Your answer must be the data repeated exactly, with no pictures in it.

*** Opening of COLLECTED MATERIAL ***

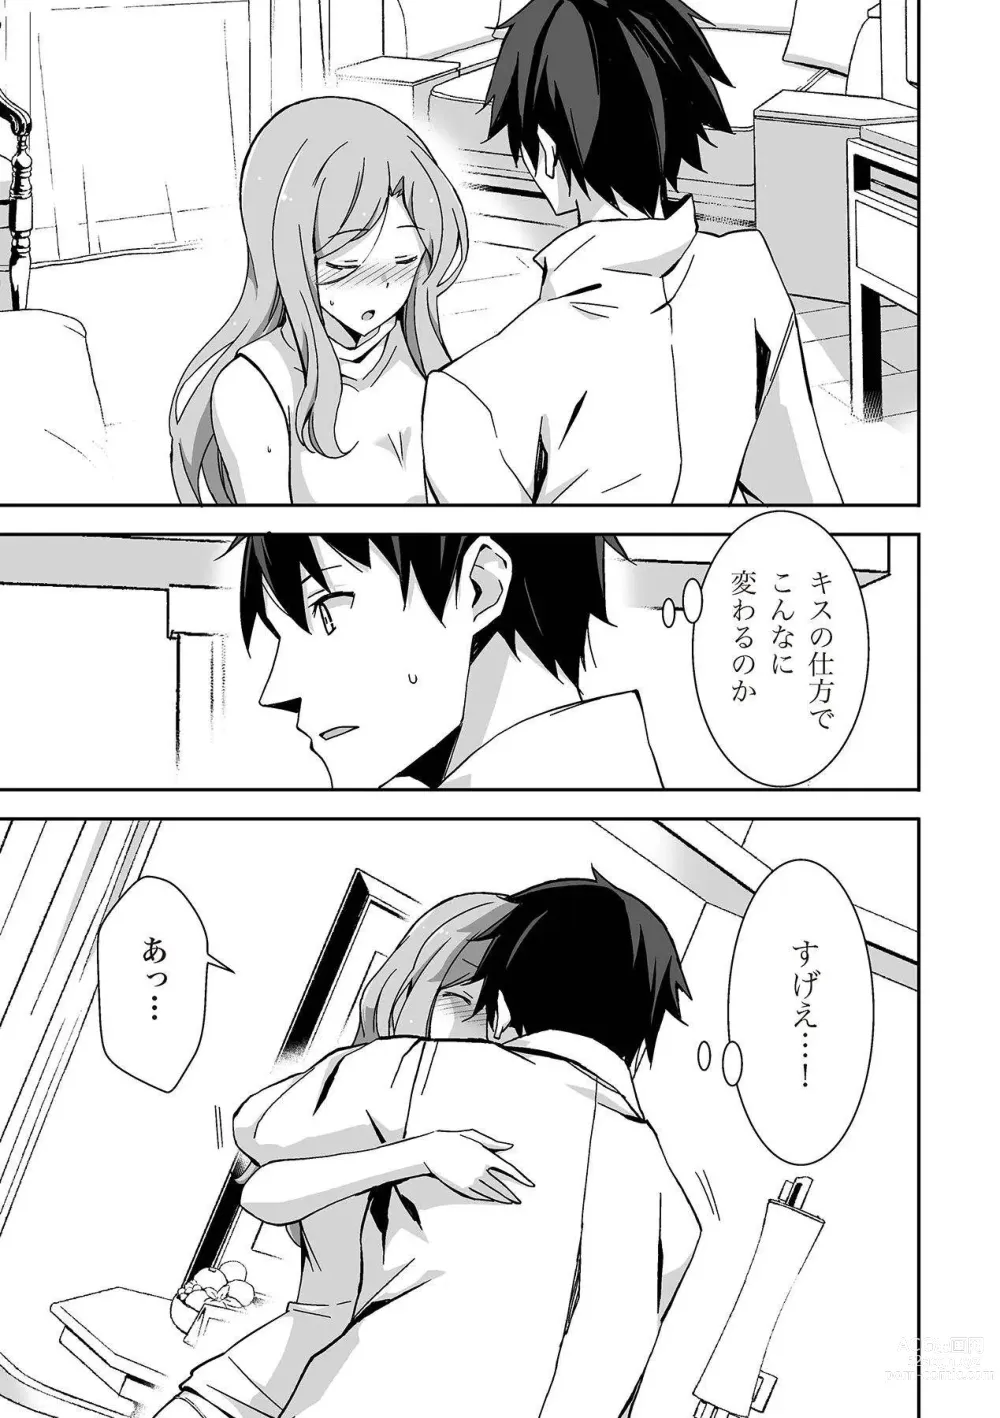 Page 121 of manga 唇と舌の性感開発・キス完全マニュアル イラスト版……とろキス
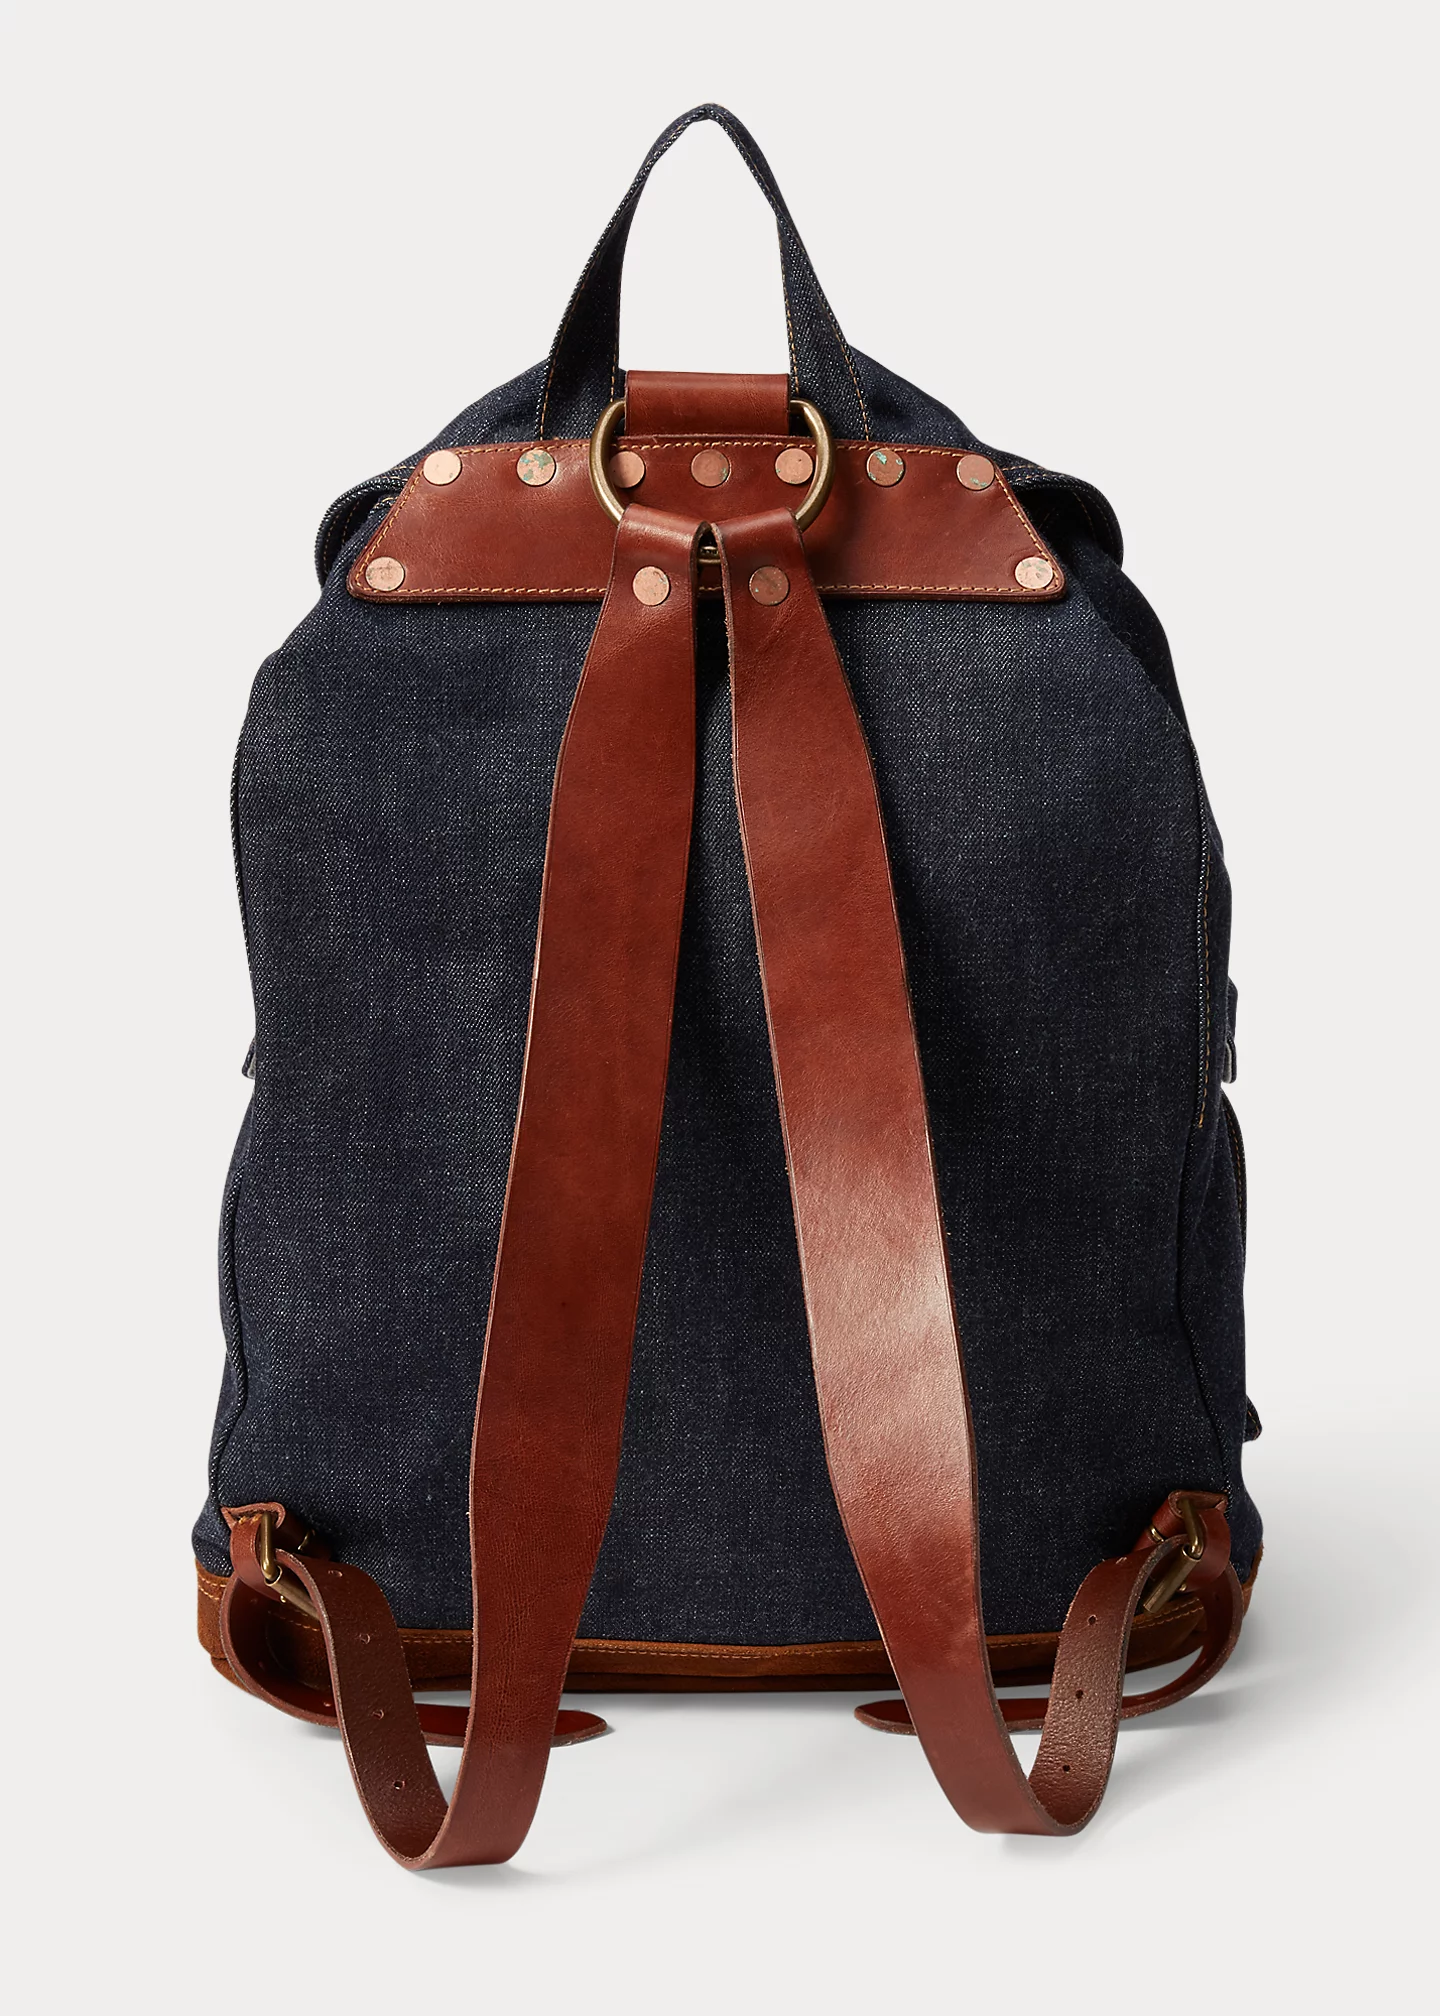 stylish handbagsDenim Rucksack-,$48.39-1
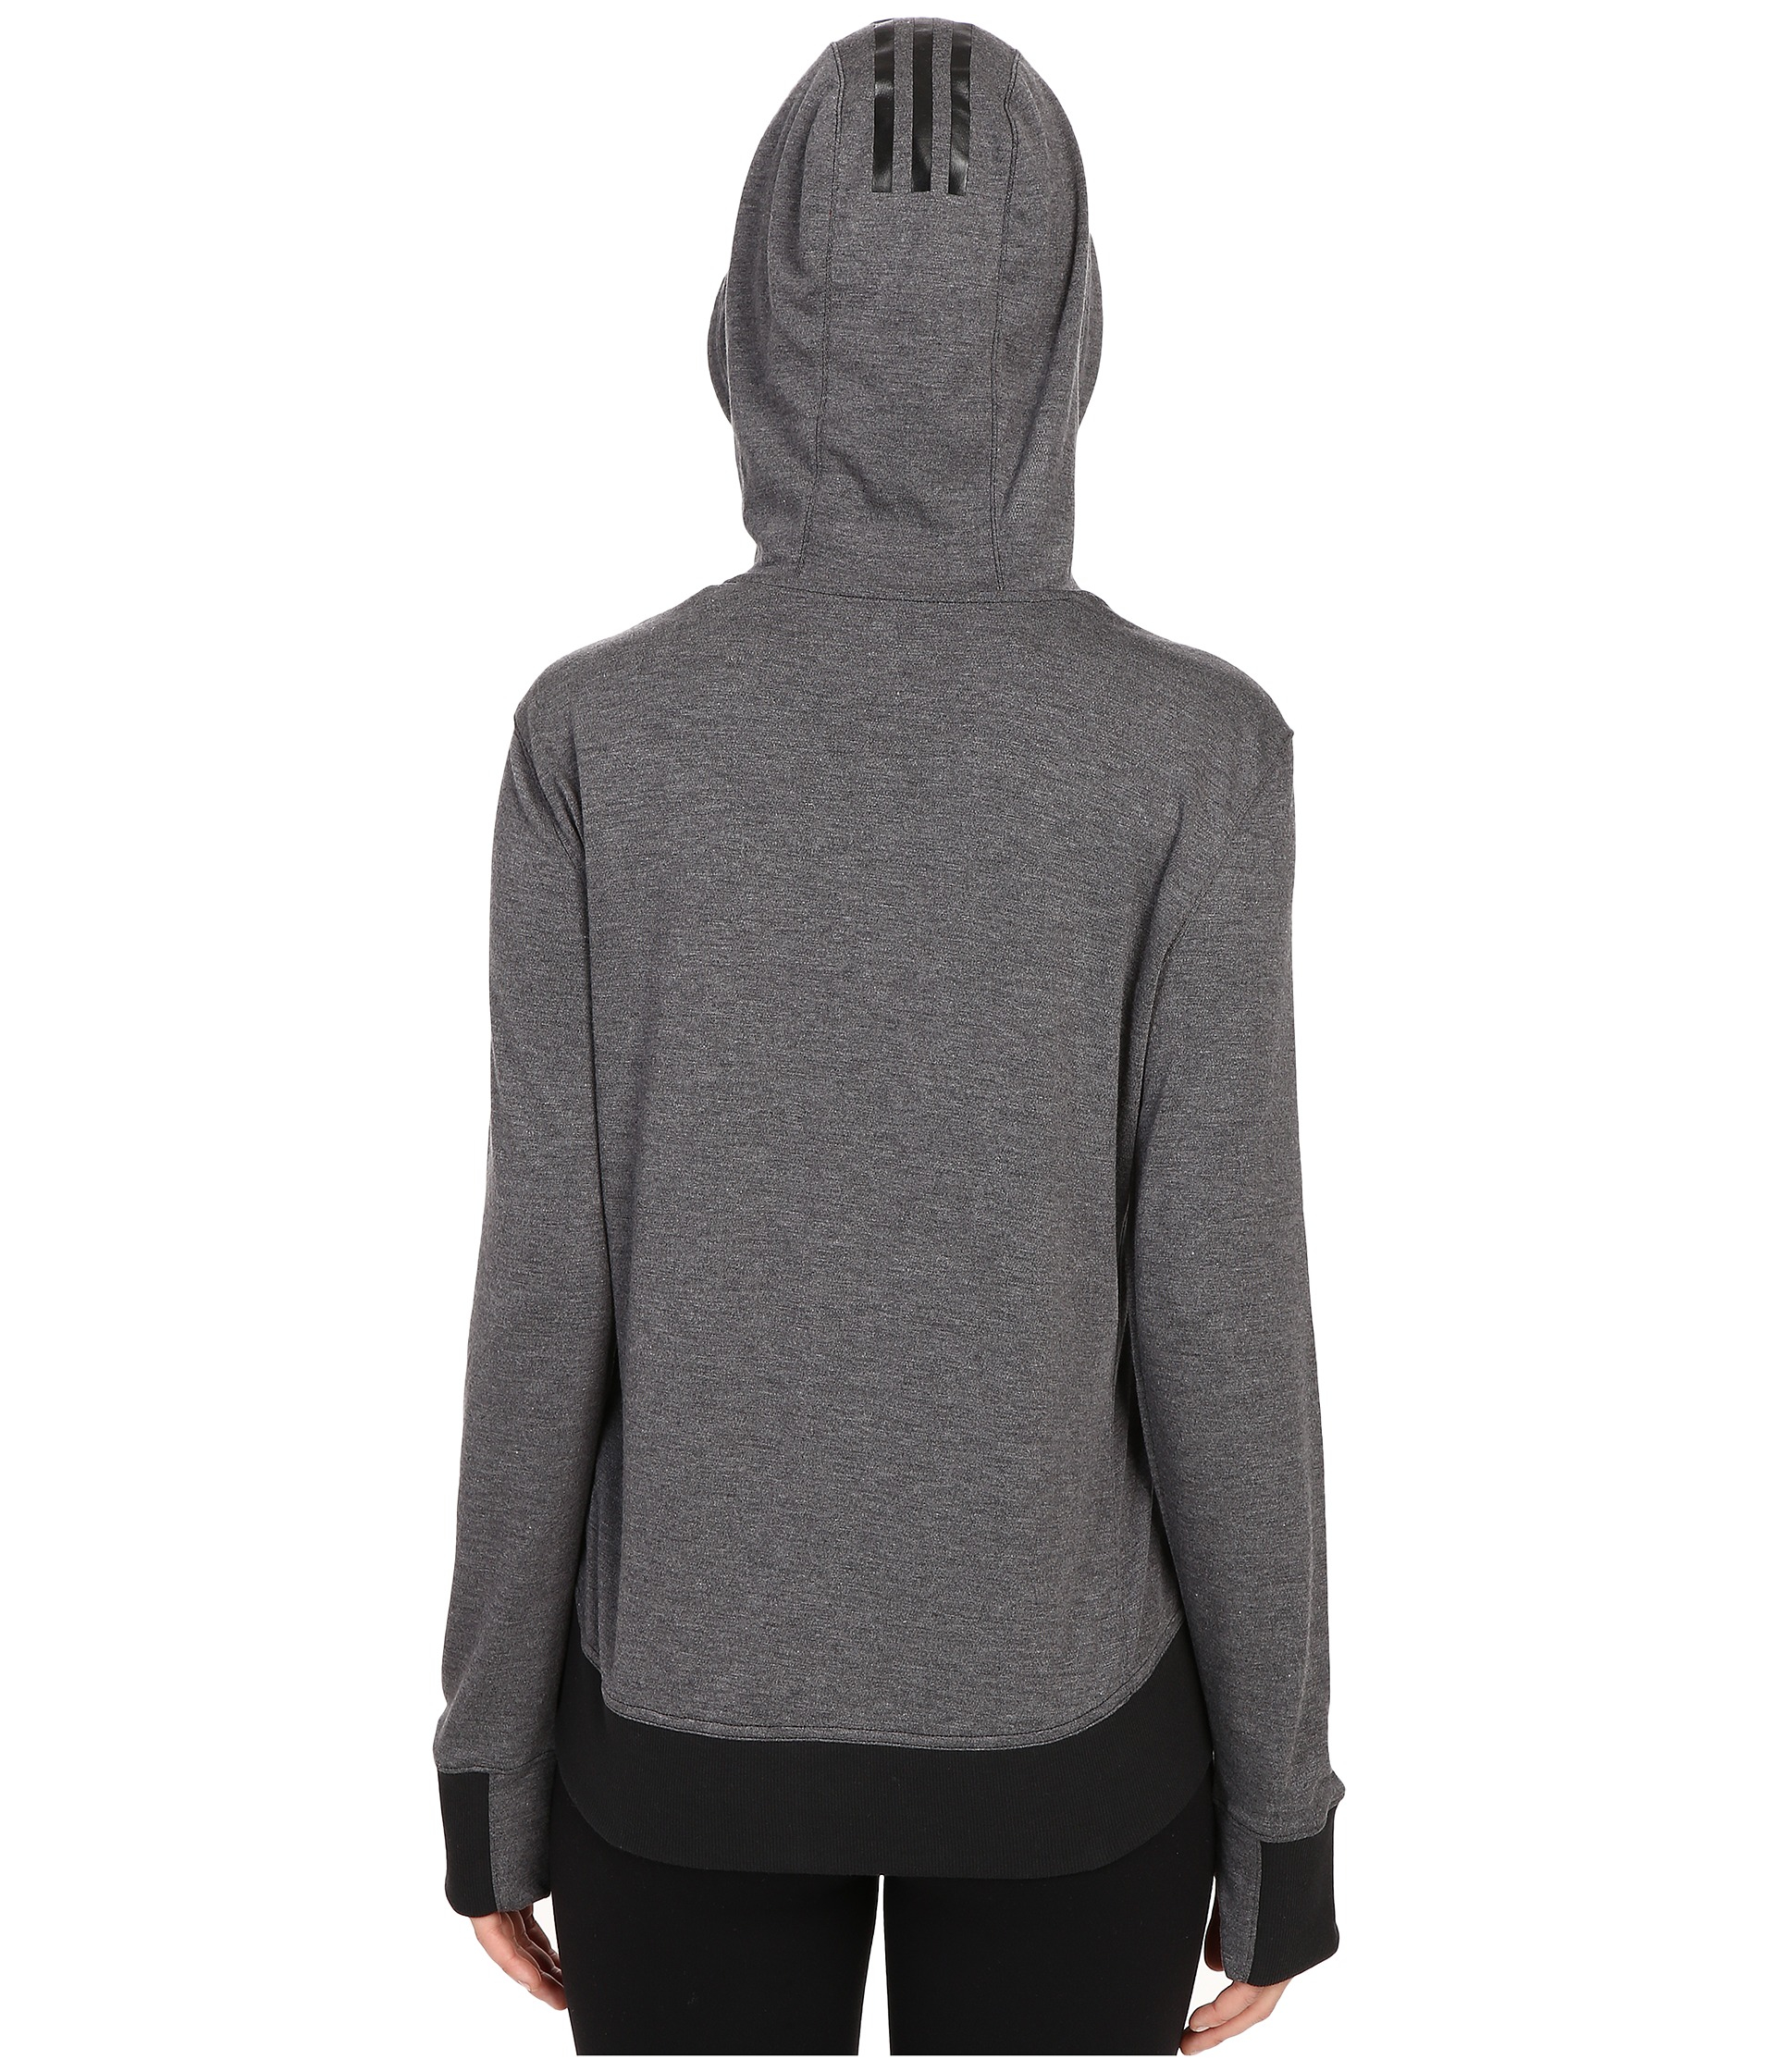 grey pullover hoodie

*** Close of COLLECTED MATERIAL ***

▶ TASK ANSWER:
 Page 121 of manga 唇と舌の性感開発・キス完全マニュアル イラスト版……とろキス
 stylish handbagsDenim Rucksack-,$48.39-1
 grey pullover hoodie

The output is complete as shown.